Osama dengan gigih memusuhi Amerika, Israel, dan sekutunya, yang menurutnya adalah bangsa kafir yang harus dimusnahkan. Namanya muncul ketika mengucapkan kegembiraannya terhadap peristiwa 9/11. Sejak saat itu, Pemerintah Amerika yang waktu itu dipimpin George W. Bush mengumandangkan perang terhadap terorisme dengan Osama Bin Laden sebagai sasaran utamanya.
Banyak spekulasi mengenai masa depan terorisme mengatasnamakan Islam paska kematian Osama. Ada yang mengatakan gerakan terorisme ini akan sedikit memudar, namun tak sedikit yang mengatakan sebaliknya. Saya adalah salah satunya. Semalam, saya melihat acara sebuah stasiun televisi yang membicarakan tentang kemungkinan nama-nama yang akan menggantikan kedudukan Osama.
Peristiwa peledakan bom di sebuah masjid Polres di Cianjur baru-baru ini menunjukkan bukti yang kuat bahwa pelaku terpengaruh oleh gerakan anti-Barat yang diserapnya melalui buku mengenai perang Islam yang ditulis oleh orang dekat Osama Bin Laden.
Bagi mereka yang benar-benar anti-Barat, kematian Osama justru merupakan bahan bakar yang cukup besar untuk "pembalasan dendam." Osama, segencar apapun media mengecamnya sebagai penjahat, tetaplah seorang pahlawan di mata mereka.
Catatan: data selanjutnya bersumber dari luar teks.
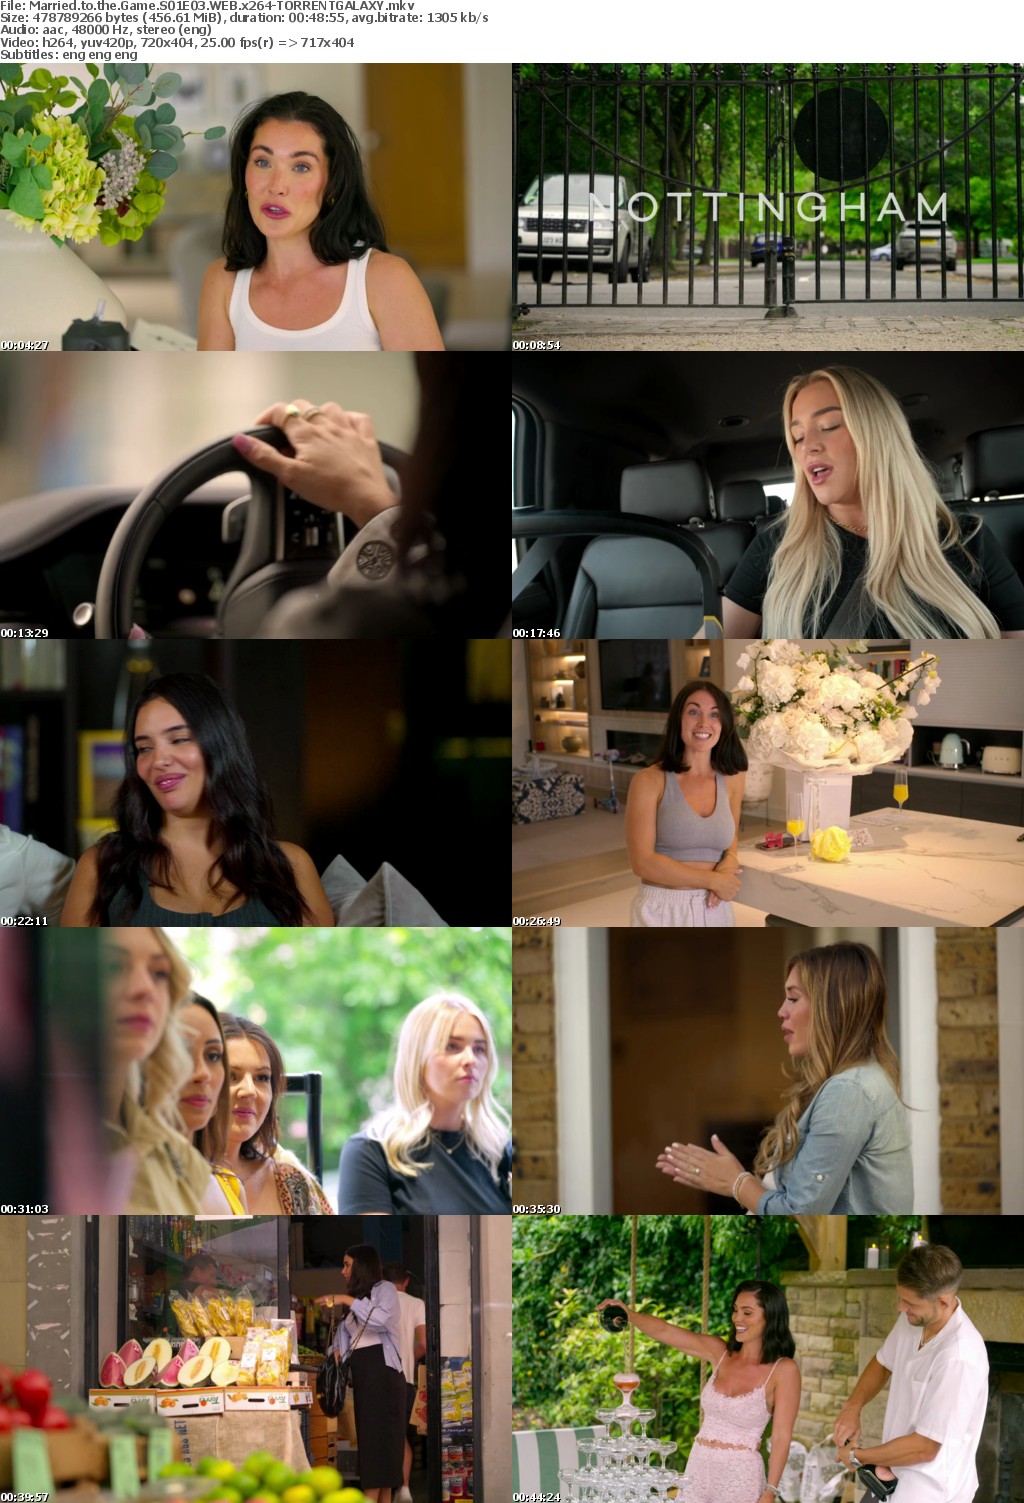 Married to the Game S01E03 WEB x264-GALAXY

Hal yang sama berlaku pula terhadap Abu Bakar Ba'asyir di mata pendukungnya.
Ketika Osama mati, orang-orang terdekatnya sudah menyiapkan berbagai rencana dan strategi yang tentunya telah dikonsultasikan dengannya semasa ia masih hidup. "Sekolah-sekolah" untuk membentuk Osama-Osama baru akan bermunculan. Tak perlu banyak biaya, cukup dengan menerbitkan buku-buku yang membakar semangat anti-Barat dan anti-Yahudi. Cukup dengan menggelar pengajian-pengajian atau pertemuan-pertemuan jemaah yang menekankan pentingnya "jihad" di berbagai negara, termasuk Indonesia.
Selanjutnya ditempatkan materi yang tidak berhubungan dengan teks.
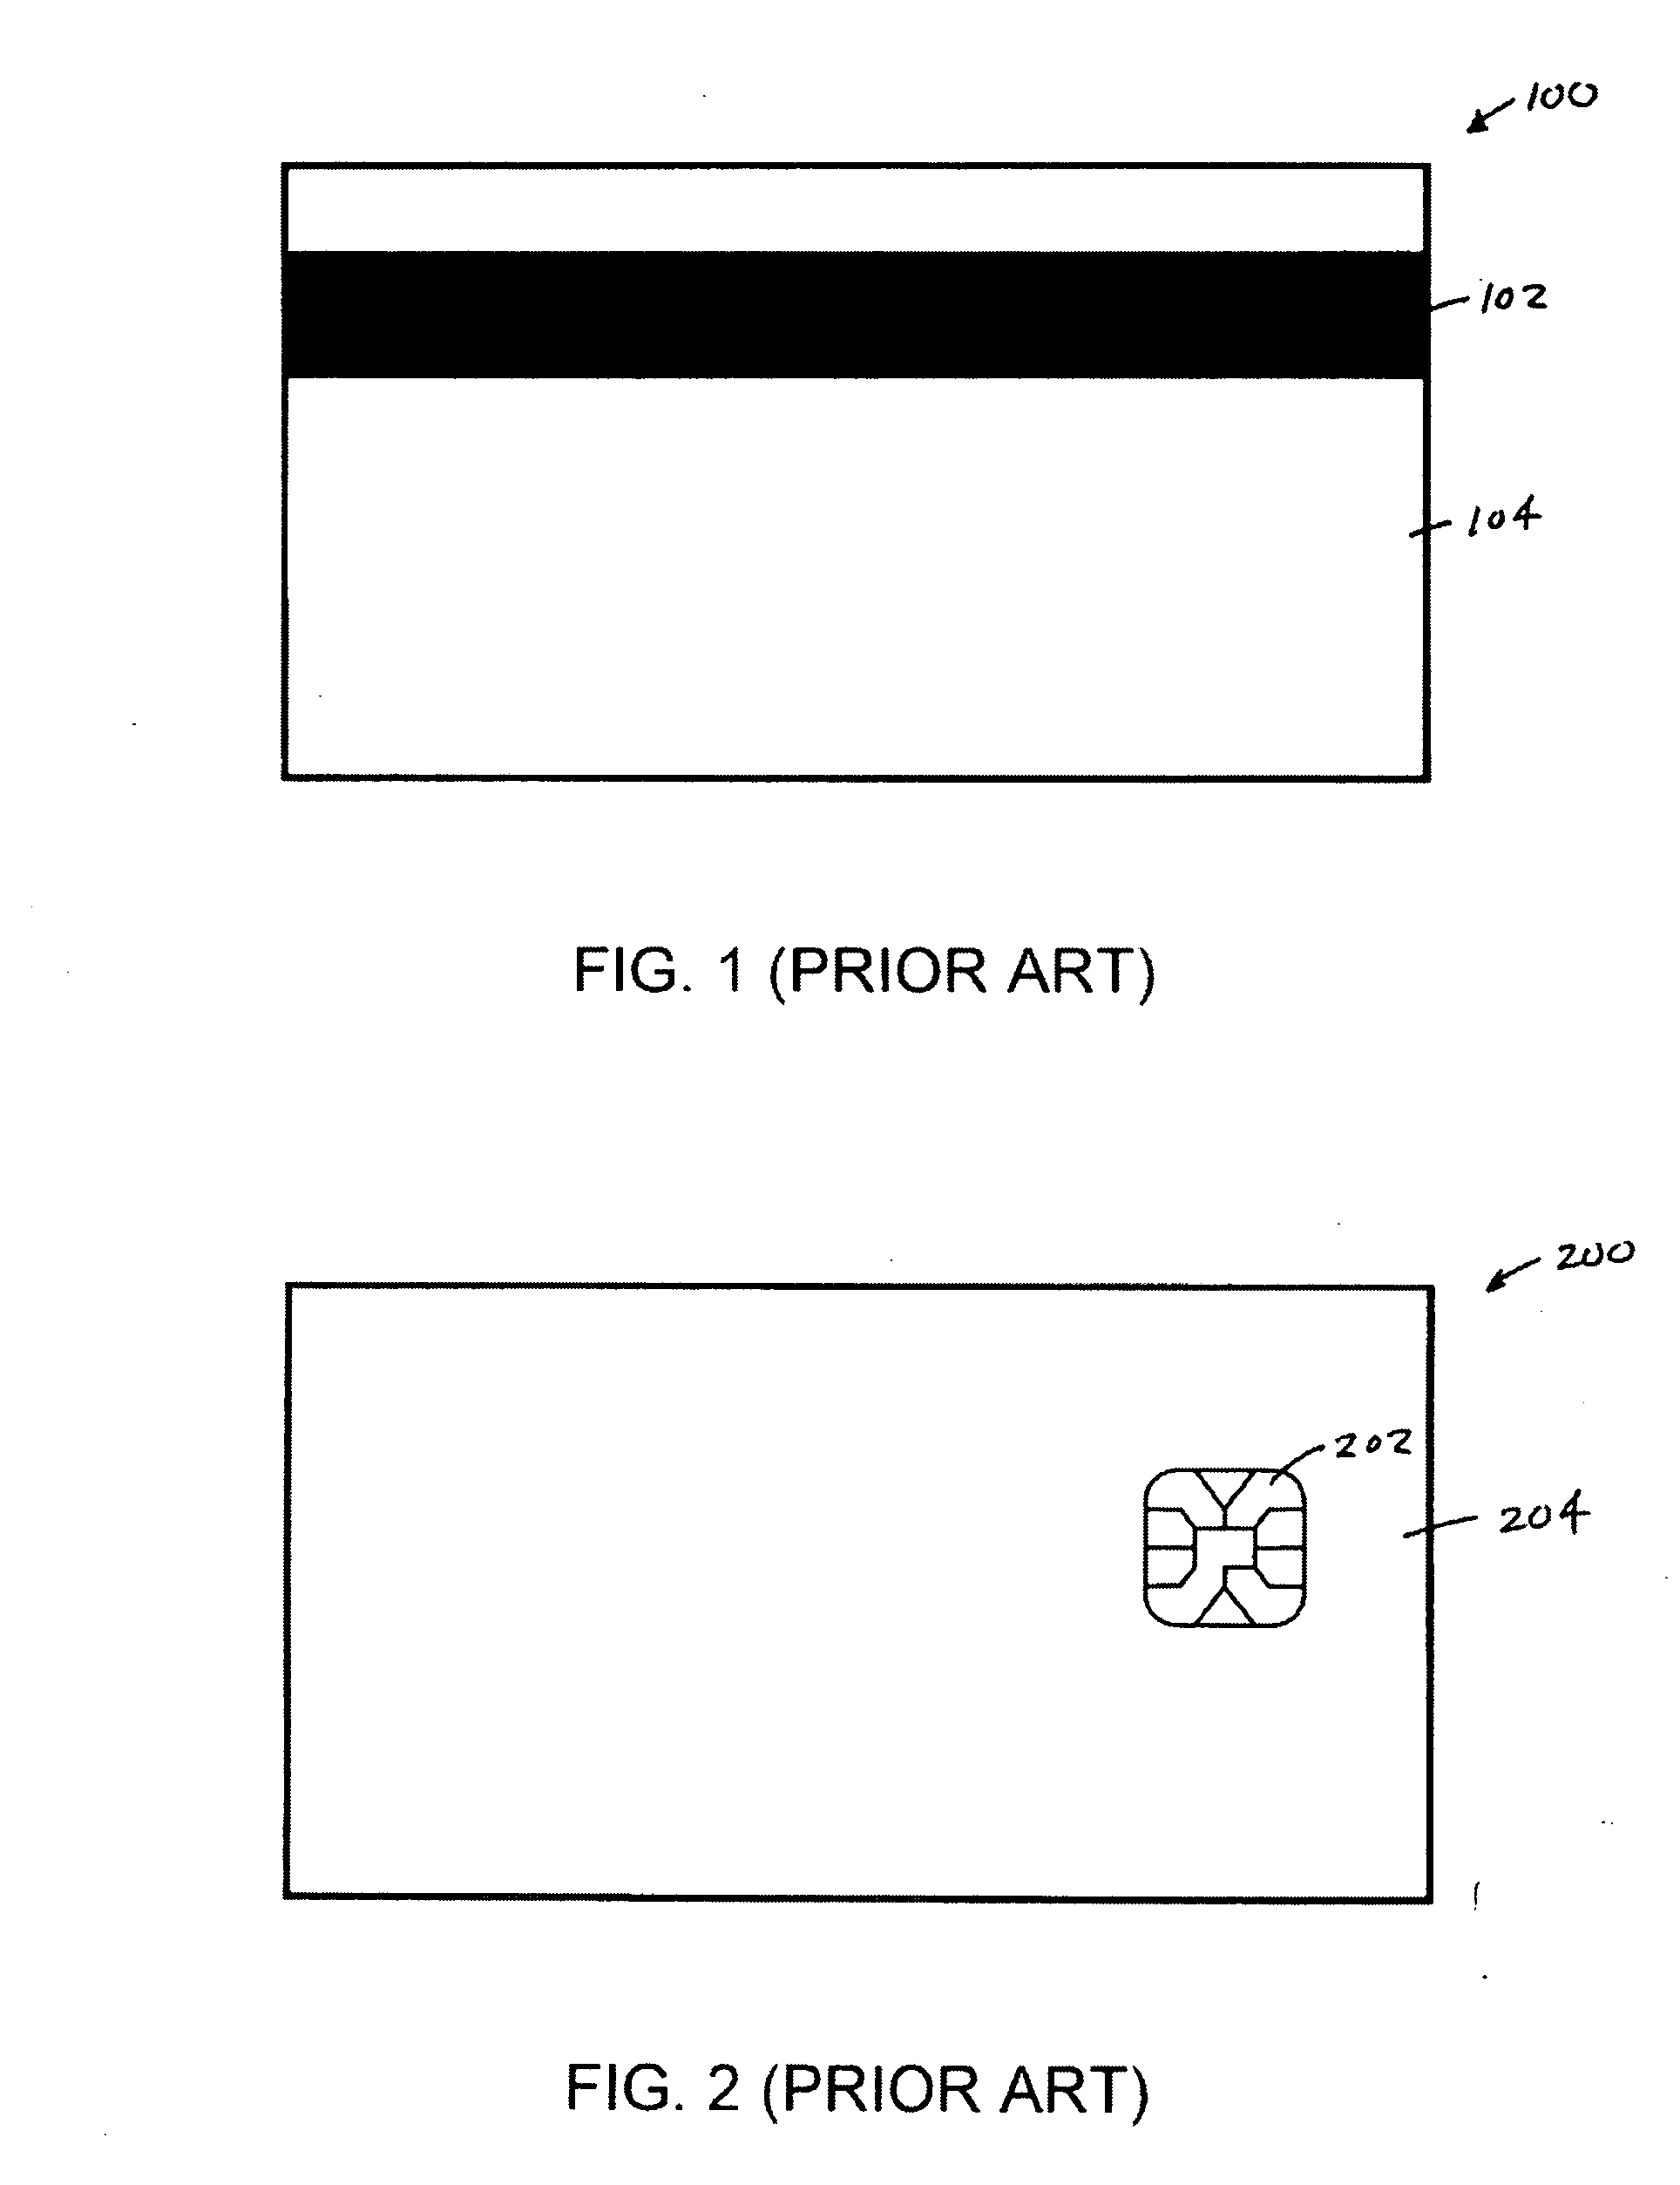 System, method and apparatus for enabling transactions using a user enabled programmable magnetic stripe

Di Indonesia yang pemerintahannya lemah dalam hal penegakan hukum dan HAM ini, paham ekstremisme agama yang dianjurkan Osama dan sekutunya dapat dengan mudah berkembang. Masyarakat kita juga masih belum bisa menyikapi gerakan semacam ini dengan tegas. Pertama, mereka merasa sungkan karena masih tergolong "saudara" dalam Islam. Kedua, mereka takut kalau-kalau mendapat perlawanan secara fisik seperti yang dengan gencar diperlihatkan di televisi.
Salah satu contoh, seorang teman bercerita bagaimana ia dan keluarganya berlibur ke sebuah pantai yang masih "perawan" alias belum terjamah oleh Dinas Pariwisata. Setelah puas bermain di pantai, mereka sekeluarga mendatangi masjid yang ada di dekat situ untuk menumpang mandi. Meski penunggu masjid menggunakan "jubah," berjenggot, dan bertampang kurang ramah (walau tetap membolehkan), mereka sekeluarga tetap menumpang mandi di masjid itu.
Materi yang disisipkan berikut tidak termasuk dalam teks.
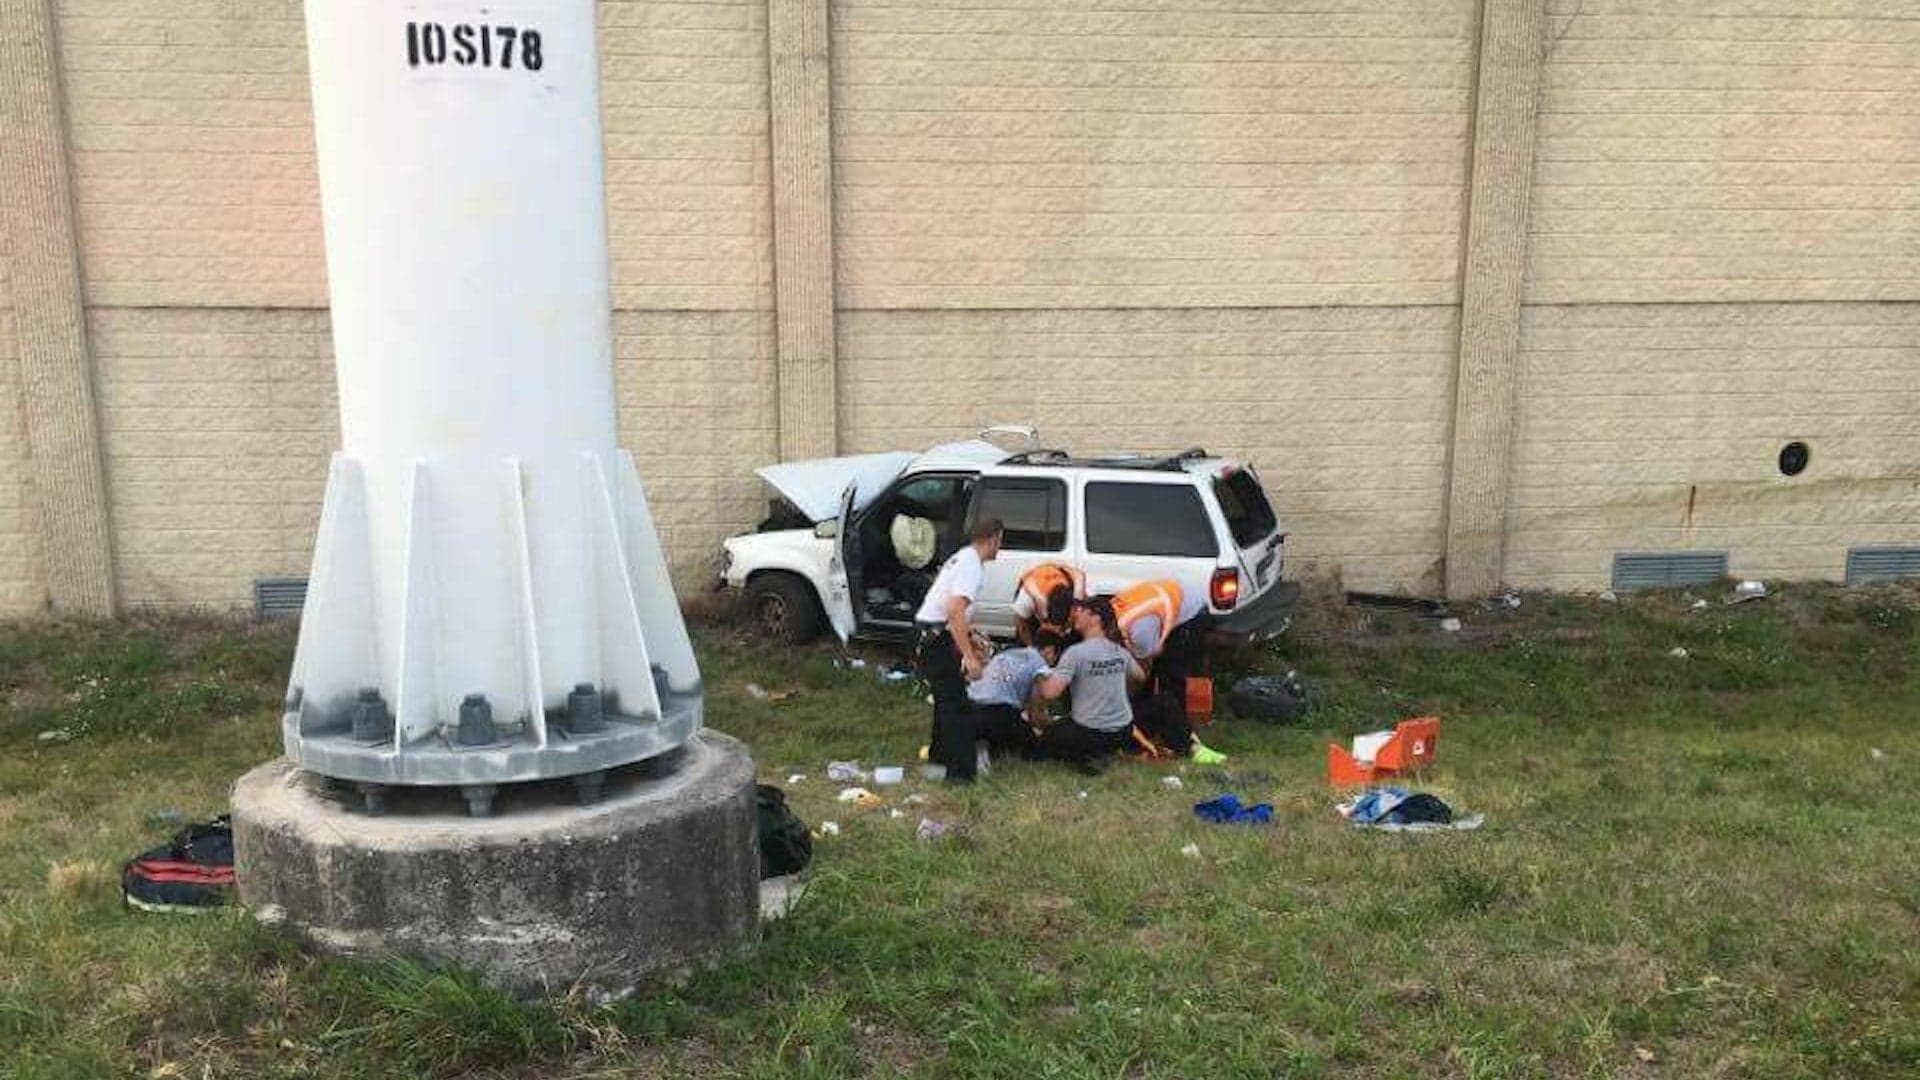 14-Year-Old in Florida Crashes Ford Explorer, Injuring 7, After Mom Allegedly Lets Him Drive

Setelah itu, salah seorang penduduk bertanya kepada teman saya itu, "Ibu tidak takut mandi di masjid itu? Saya saja takut..."
"Memangnya kenapa?" Tanya teman saya.
Ternyata itu adalah masjid "khusus" yang hanya digunakan oleh orang-orang dari luar daerah. Konon, menurut warga itu, mereka sudah sepuluh tahun lebih ada di daerah itu, mengaku berasal dari Jawa dan selama ini mengontrak dari satu rumah ke rumah yang lain.
Dengan merebaknya isu NII dan peristiwa matinya Osama Bin Laden ini, upaya untuk memperbaiki pola pendidikan agama terutama di kampus-kampus tentu patut mendapat dukungan dari berbagai pihak. Seorang teman yang lain pernah mengatakan bahwa sisi baik dari berbagai peristiwa "hipnotis" yang terjadi belakangan ini adalah meningkatnya kesadaran dan kewaspadaan masyarakat.
Orang tua akan lebih memperingatkan anak-anaknya yang berkuliah terutama di luar kota agar lebih berhati-hati dalam bergaul. Para mahasiswa (khususnya muslim) sendiri akan meningkatkan kewaspadaan mereka terhadap ajakan-ajakan untuk bergabung dalam suatu forum atau pertemuan agama yang "tidak biasa."
Memberantas ekstremisme agama memang bukan perkara mudah, namun bukan berarti mustahil. Seluruh lapisan masyarakat, termasuk anda dan saya, sama-sama memiliki andil. Di atas itu semua, saya percaya Tuhan juga menjagai Indonesia, selama kita terus bersatu dan terus berdoa untuk kesejahteraan negeri ini. Amin.